An interest-driven system doesn’t behave that way.
It oscillates. It spikes. It locks in under the right conditions and disengages under the wrong ones. From the outside, that looks like inconsistency. From the inside, it feels like misalignment between the system you have and the environment you’re in.
The study doesn’t solve that mismatch. It doesn’t redesign the structures that reward uniform attention. But it does shift the frame.
Instead of asking why I can’t focus, I’ve started asking what my attention is waiting for.
That question is more demanding. It implies that the problem isn’t just internal. It’s ecological. It has to do with how tasks are framed, how environments are structured, how meaning is generated or withheld.

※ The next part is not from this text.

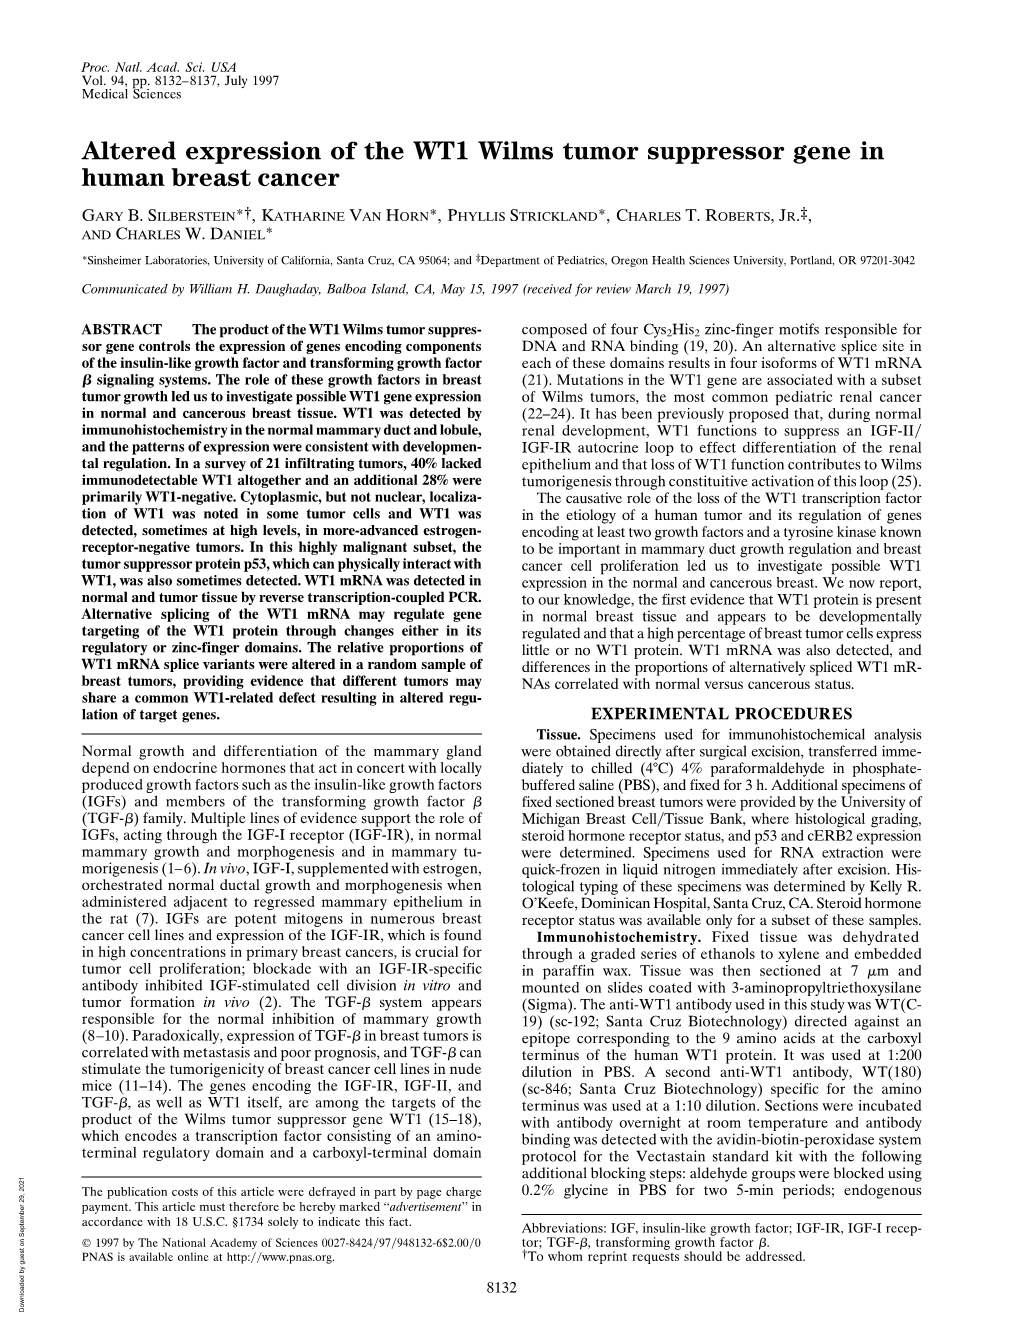 Altered Expression of the WT1 Wilms Tumor Suppressor Gene in Human Breast Cancer

I’ve started paying attention to when I feel “on.” Not in a vague sense, but in a measurable one. When time compresses. When effort drops. When I’m able to sustain attention without forcing it.
It happens in situations with high cognitive and emotional salience: teaching, where ideas are live and relational; writing, when concepts collide; conversations that have tension or stakes.
Those are not rare capacities. They’re context-specific activations.
The challenge isn’t to become someone who can focus on anything. It’s to build a life that contains more of the conditions that make focus possible.
I don’t think I’m done with medication. That would be a different kind of simplification. But I am less interested in the idea that my attention needs to be corrected, and more interested in understanding the system that’s already there.
“Attention deficit” suggests absence.
From where I’m sitting, it looks more like differential engagement.
Which is less a disorder than a distribution problem.
I’m still figuring out how to work with that.
But for now, it’s enough to say that I’m not trying to fix my attention anymore.
I’m trying to understand what it responds to—and build a life that responds back.